From: Qu Wenruo <quwenruo.btrfs@gmx.com>
To: Jeff Mahoney <jeffm@suse.com>, linux-btrfs@vger.kernel.org
Subject: Re: [PATCH] btrfs: qgroups, properly handle no reservations
Date: Thu, 22 Feb 2018 10:05:36 +0800 [thread overview]
Message-ID: <ac3ffb4b-c60a-fd1e-be50-db99376a6e1e@gmx.com> (raw)
In-Reply-To: <f0c73e34-dc33-d2eb-56d6-2b936f1f967b@suse.com>
[-- Attachment #1.1: Type: text/plain, Size: 6957 bytes --]

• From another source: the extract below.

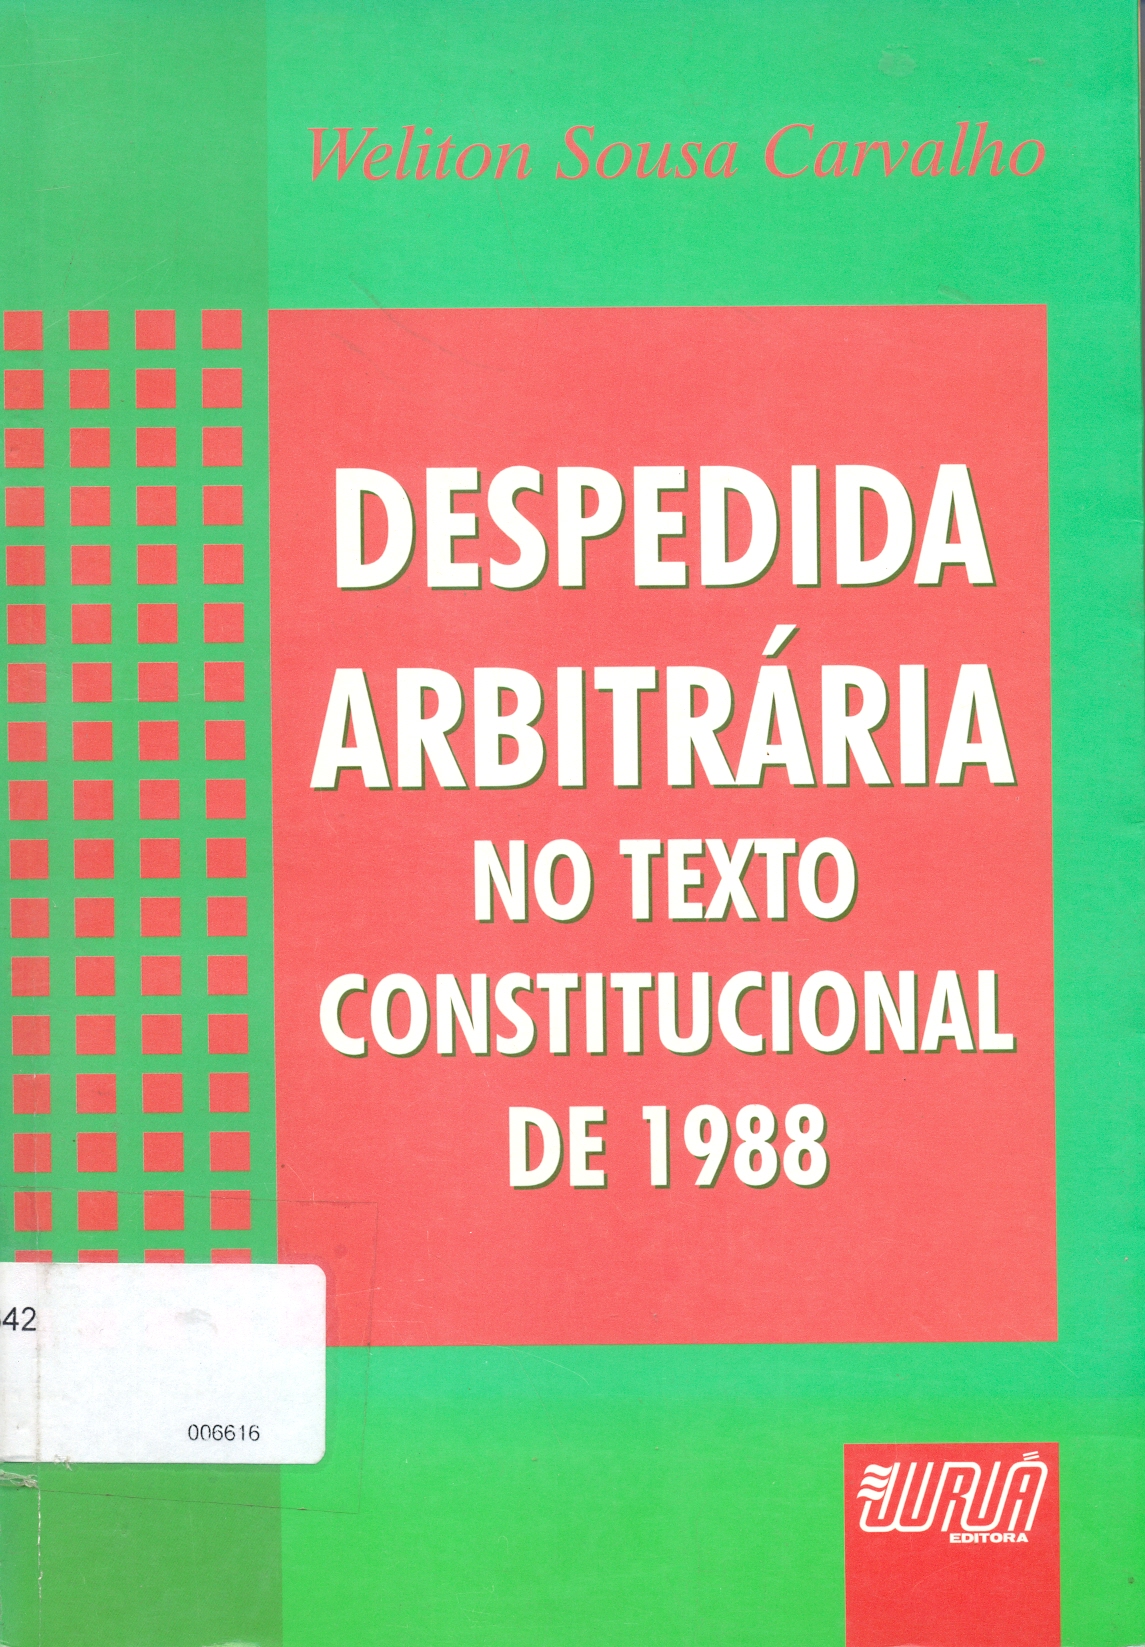 Despedida Arbitrária no texto Constitucional de 1988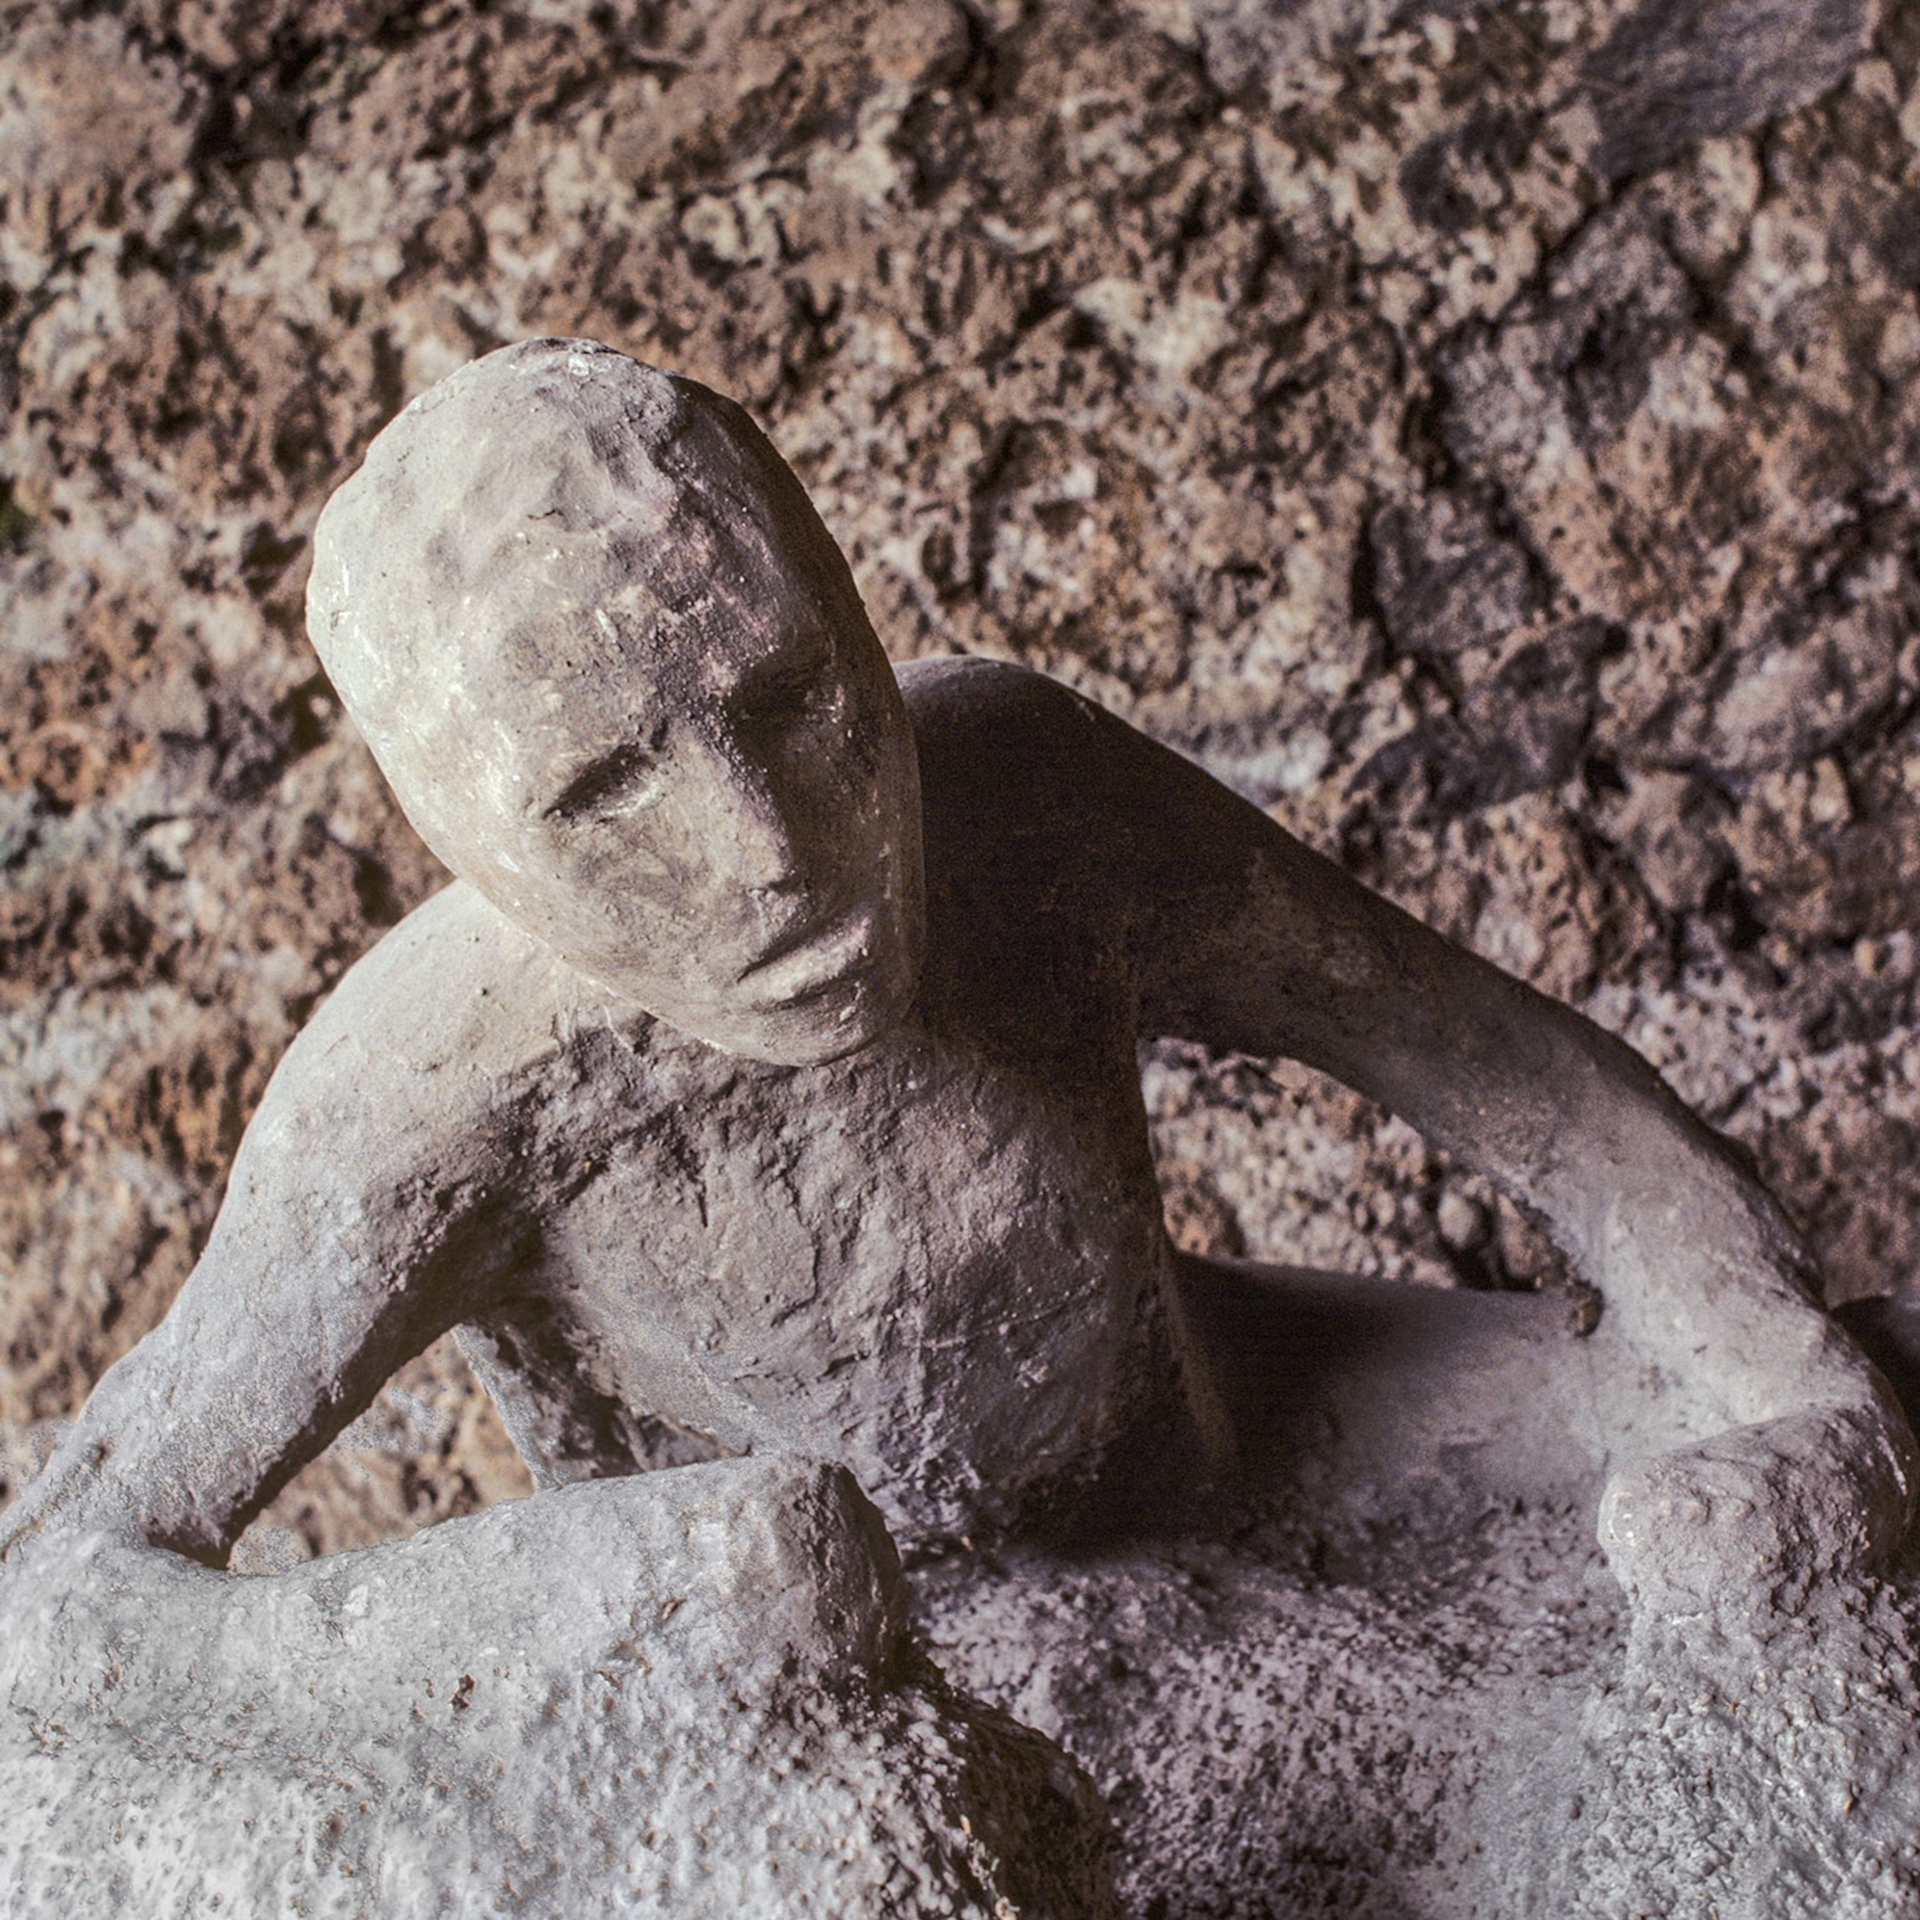 考古學家已經找到了上千名在維蘇威火山噴發中喪生的龐貝城居民遺骸，而由這些火山灰保存下來的身軀翻鑄成的石膏模型已然成為這場古代天災的標誌形象。PHOTOGRAPH BY DAVID HISER, NAT GEO IMAGE COLLECTION

On 2018年02月22日 09:50, Jeff Mahoney wrote:
> On 2/21/18 8:36 PM, Qu Wenruo wrote:
>>
>>
>> On 2018年02月22日 04:19, jeffm@suse.com wrote:
>>> From: Jeff Mahoney <jeffm@suse.com>
>>>
>>> There are several places where we call btrfs_qgroup_reserve_meta and
>>> assume that a return value of 0 means that the reservation was successful.
>>>
>>> Later, we use the original bytes value passed to that call to free
>>> bytes during error handling or to pass the number of bytes reserved to
>>> the caller.
>>>
>>> This patch returns -ENODATA when we don't perform a reservation so that
>>> callers can make the distinction. This also lets call sites not
>>> necessarily care whether qgroups are enabled.
>>
>> IMHO if we don't need to reserve, returning 0 seems good enough.
>> Caller doesn't really need to care if it has reserved some bytes.
>>
>> Or is there any special case where we need to distinguish such case?
>
> Anywhere where the reservation takes place prior to the transaction
> starting, which is pretty much everywhere. We wait until transaction
> commit to flip the bit to turn on quotas, which means that if a
> transaction commits that enables quotas lands in between the reservation
> being take and any error handling that involves freeing the reservation,
> we'll end up with an underflow.
So the same case as btrfs_qgroup_reserve_data().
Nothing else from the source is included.